> [Exercise data]
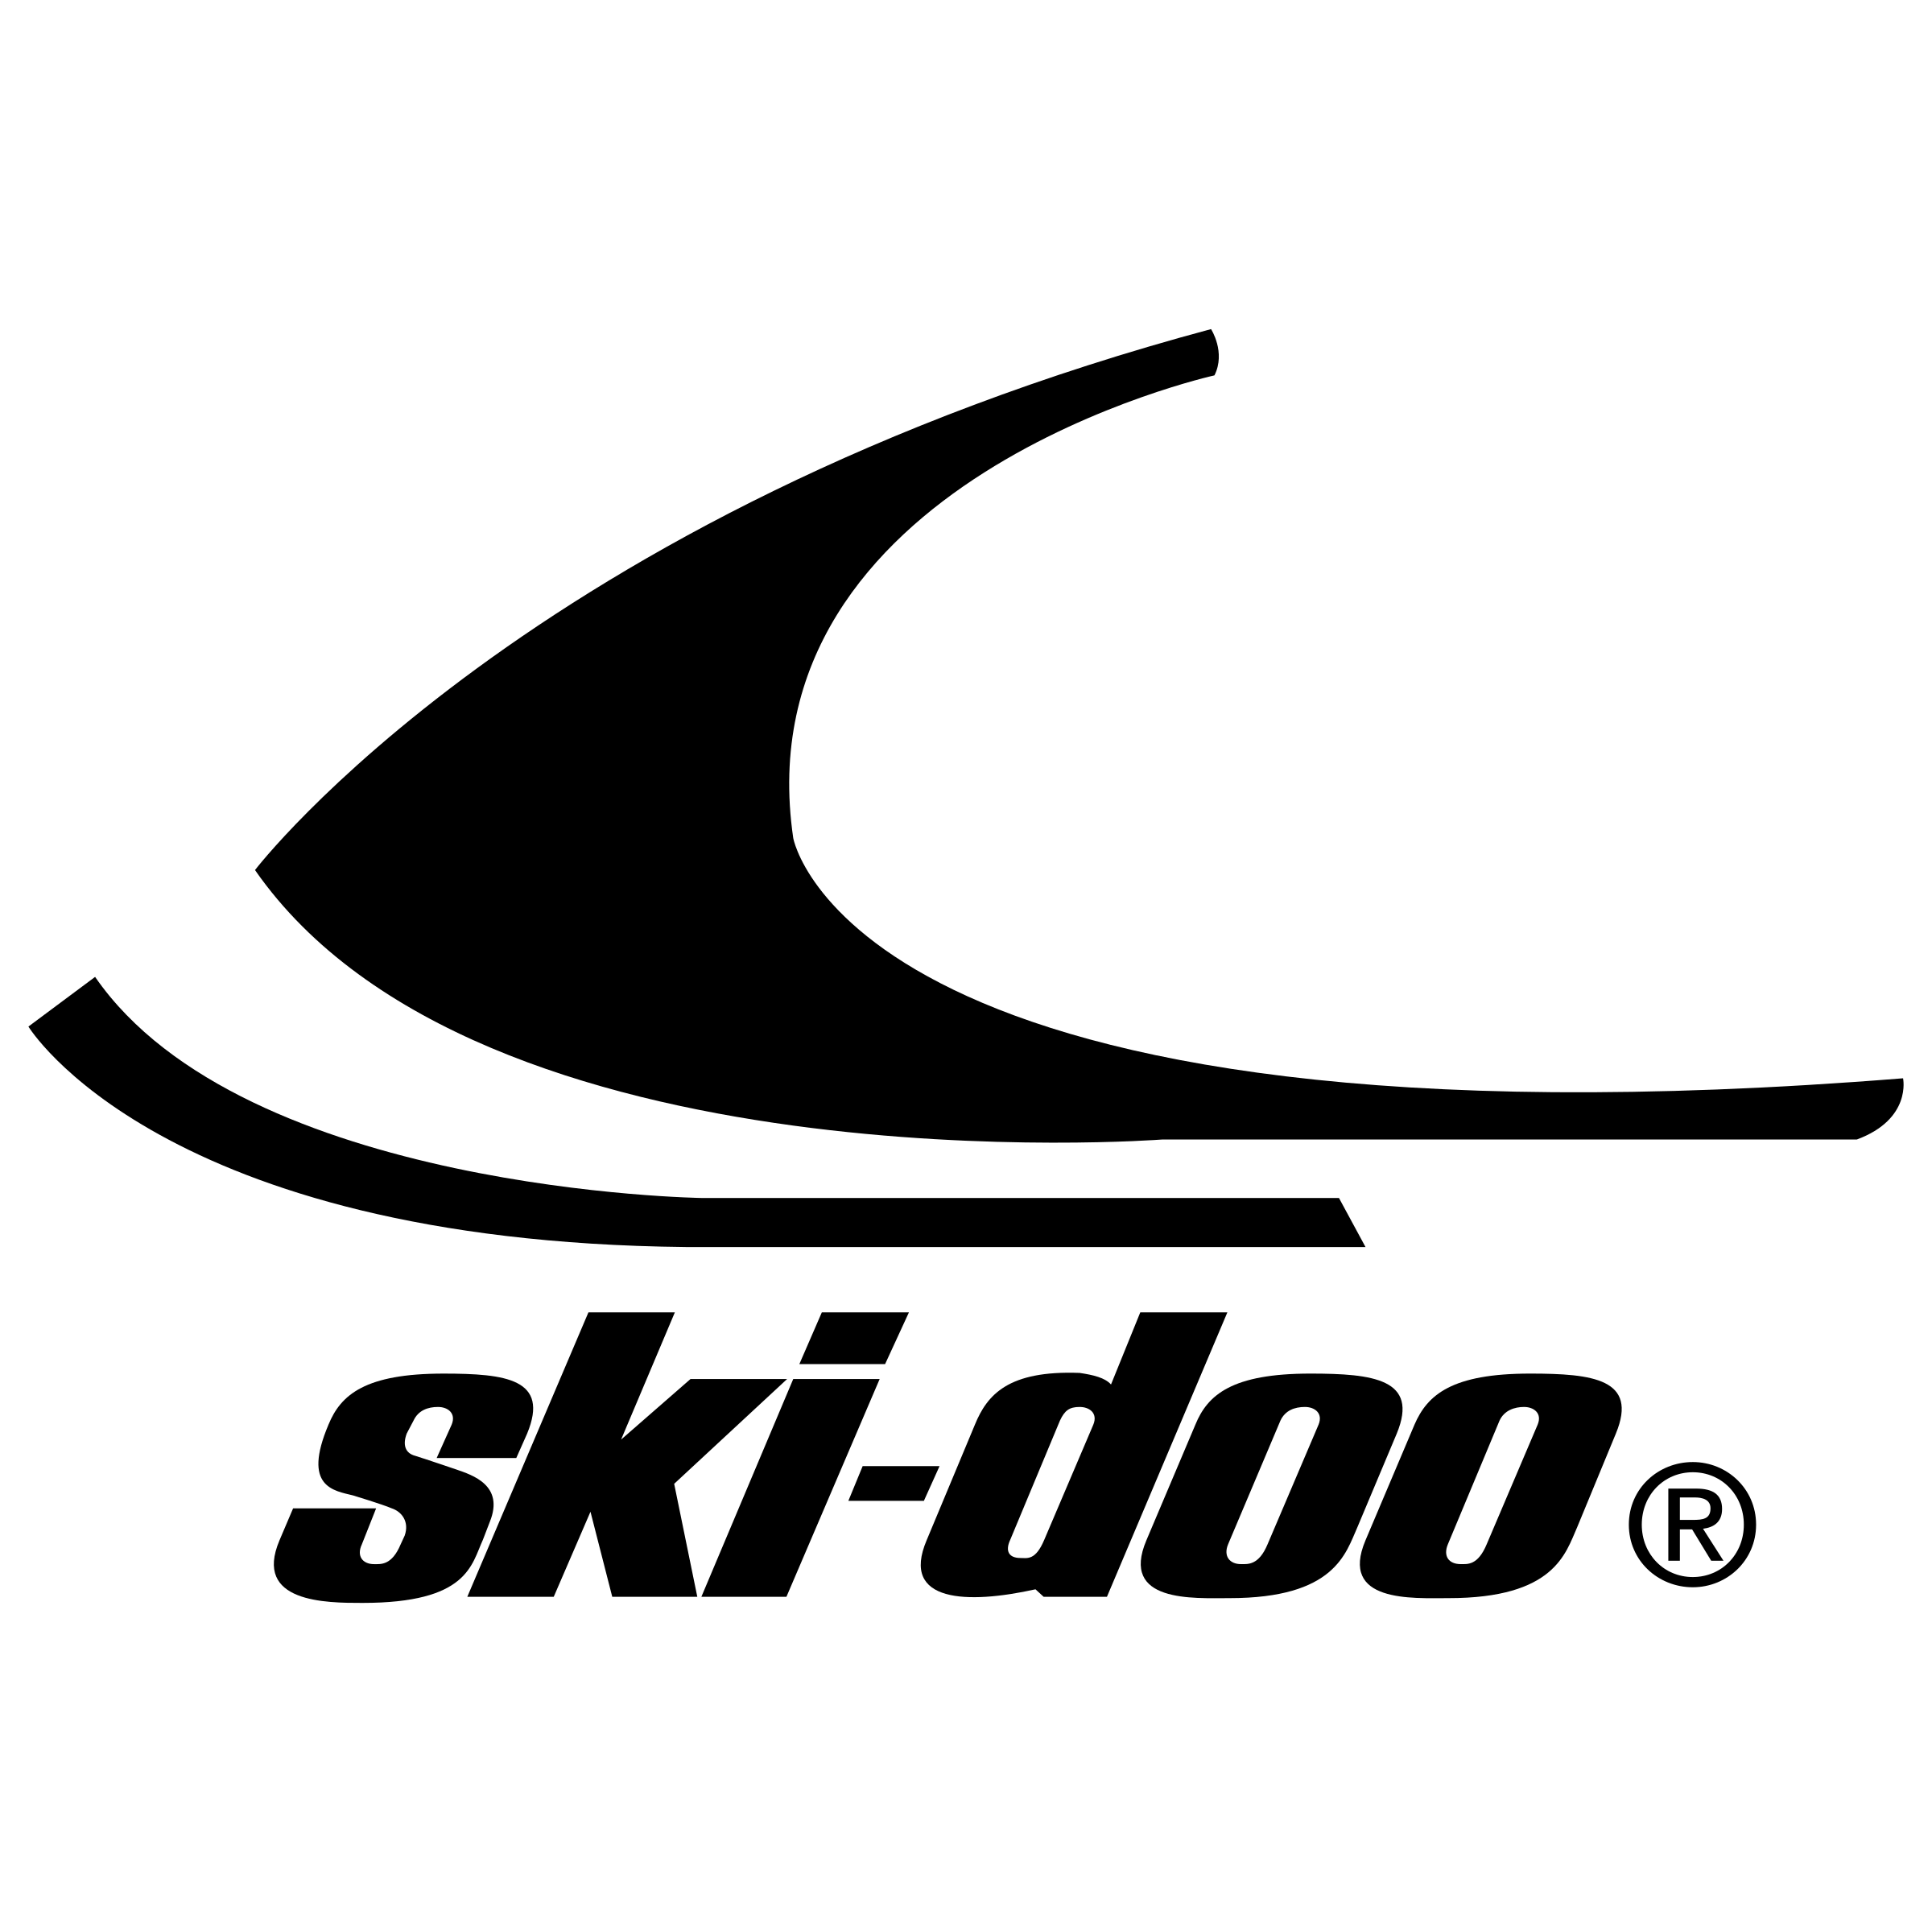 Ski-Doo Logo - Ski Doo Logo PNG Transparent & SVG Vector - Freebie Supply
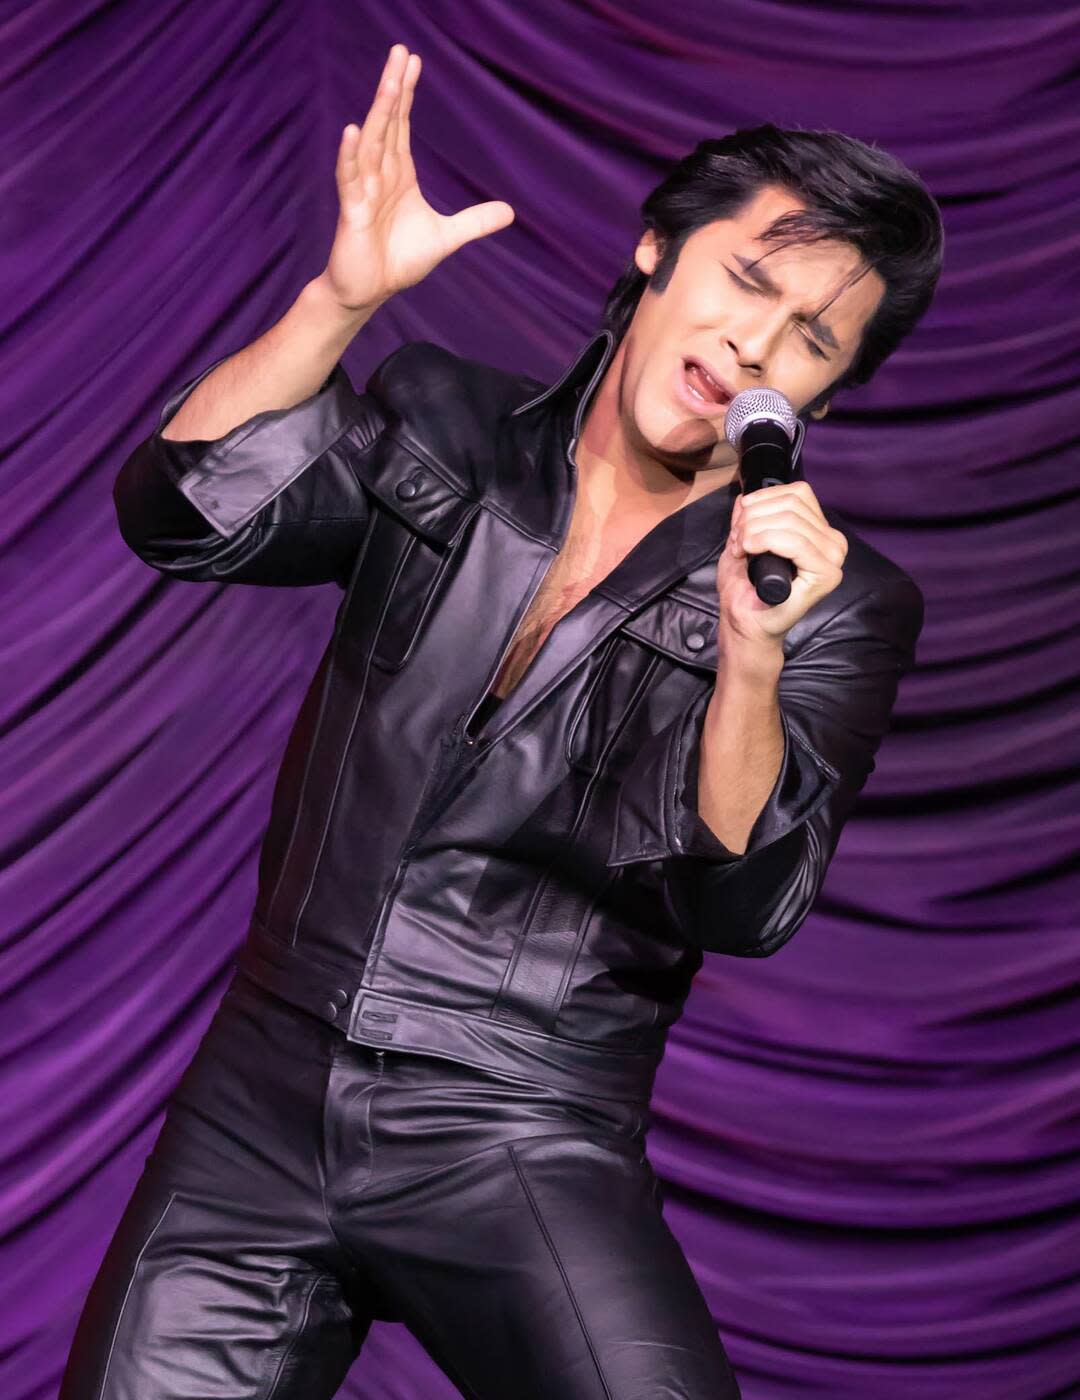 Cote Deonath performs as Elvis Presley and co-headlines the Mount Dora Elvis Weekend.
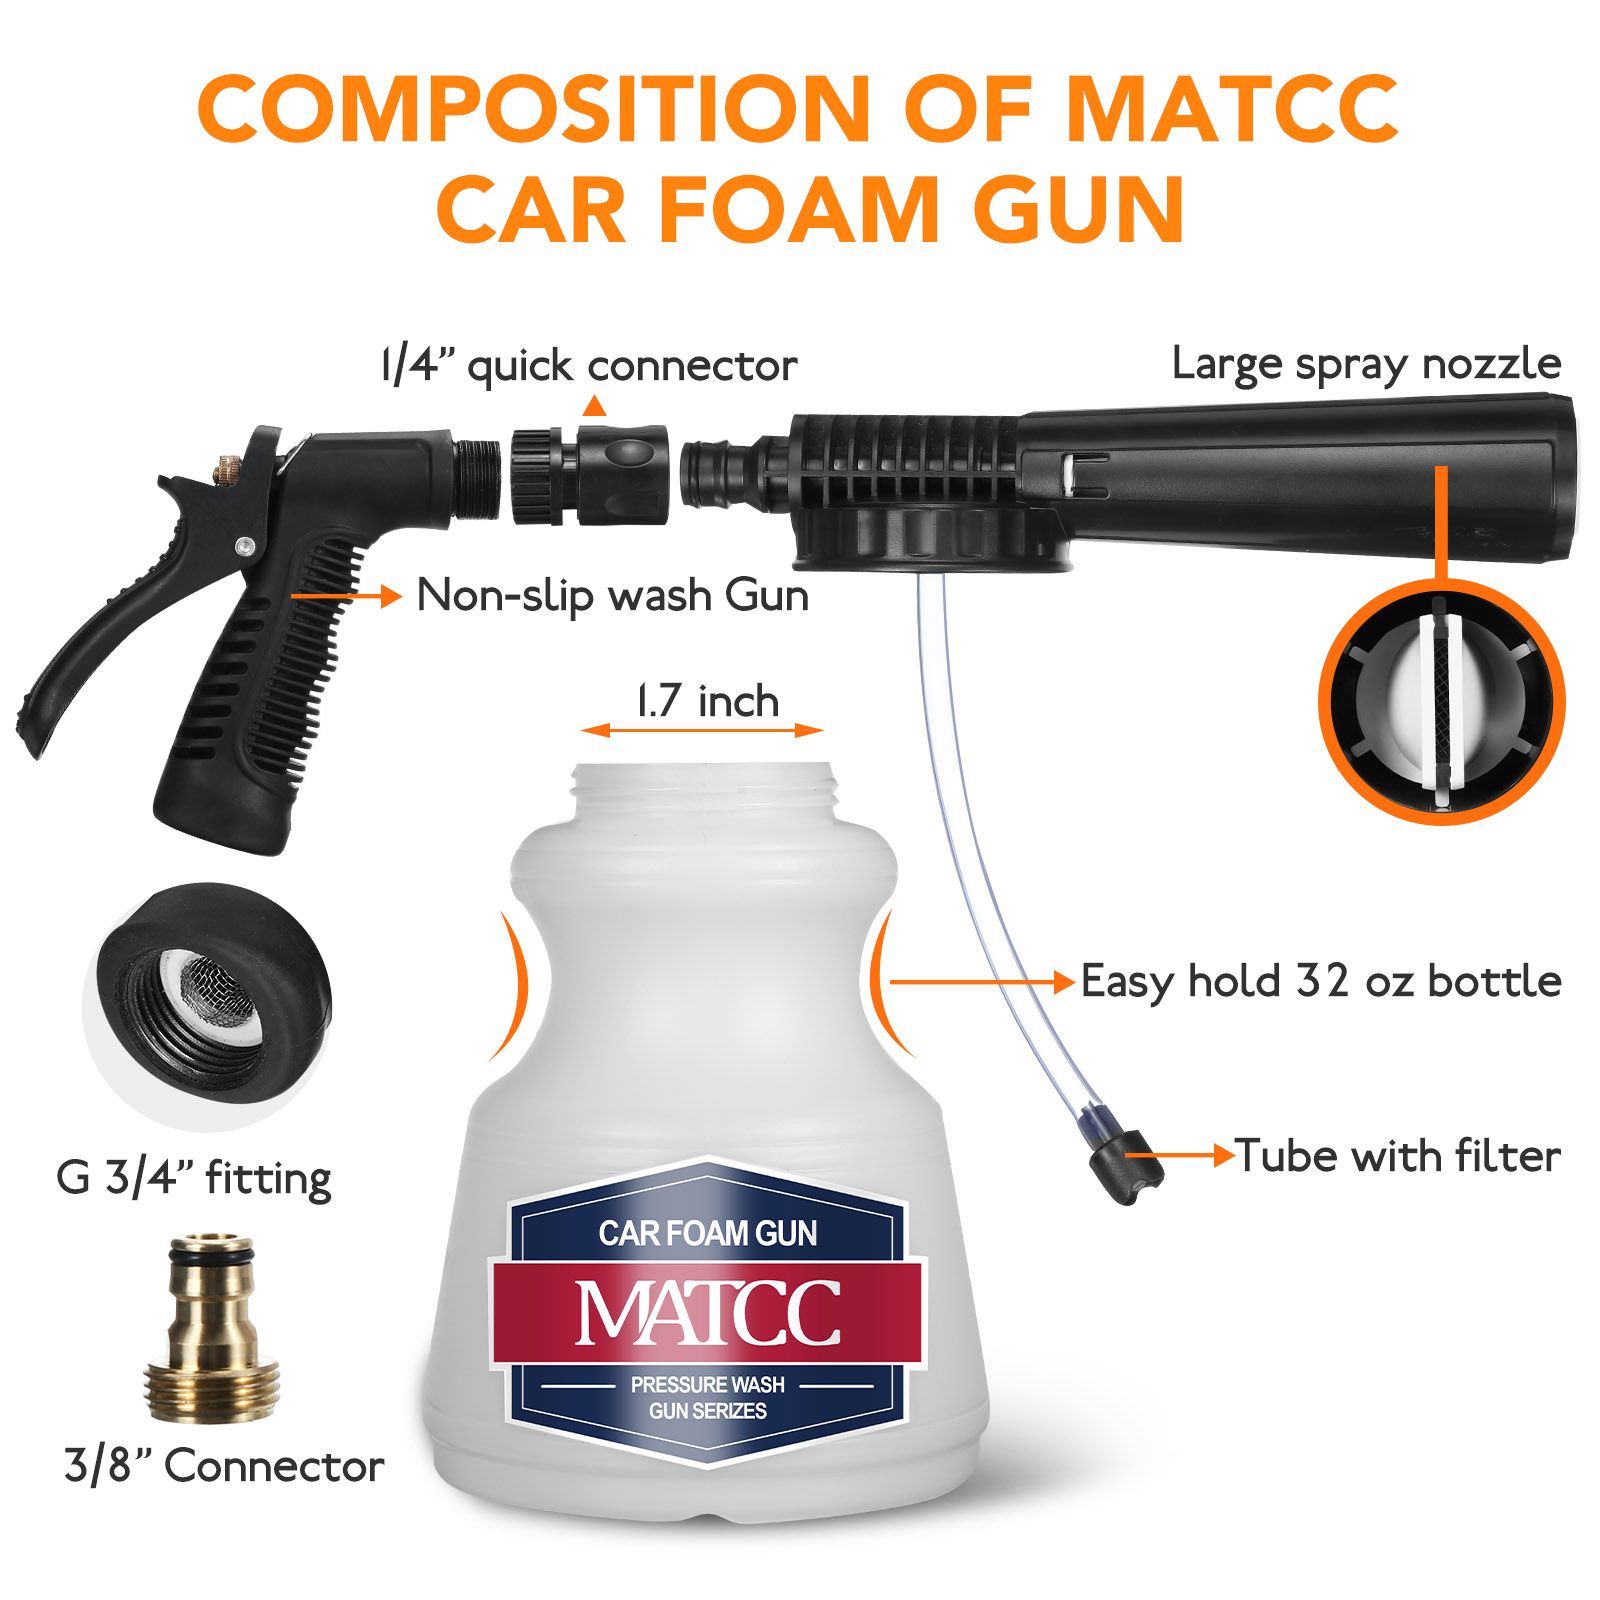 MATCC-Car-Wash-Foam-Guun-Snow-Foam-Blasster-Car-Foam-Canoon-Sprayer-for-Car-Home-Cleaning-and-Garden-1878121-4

> [Work order] The material above must be set down word for word, with no picture carried over.

> [Written response]
 Ski-Doo Logo - Ski Doo Logo PNG Transparent & SVG Vector - Freebie Supply
 Cote Deonath performs as Elvis Presley and co-headlines the Mount Dora Elvis Weekend.
 MATCC-Car-Wash-Foam-Guun-Snow-Foam-Blasster-Car-Foam-Canoon-Sprayer-for-Car-Home-Cleaning-and-Garden-1878121-4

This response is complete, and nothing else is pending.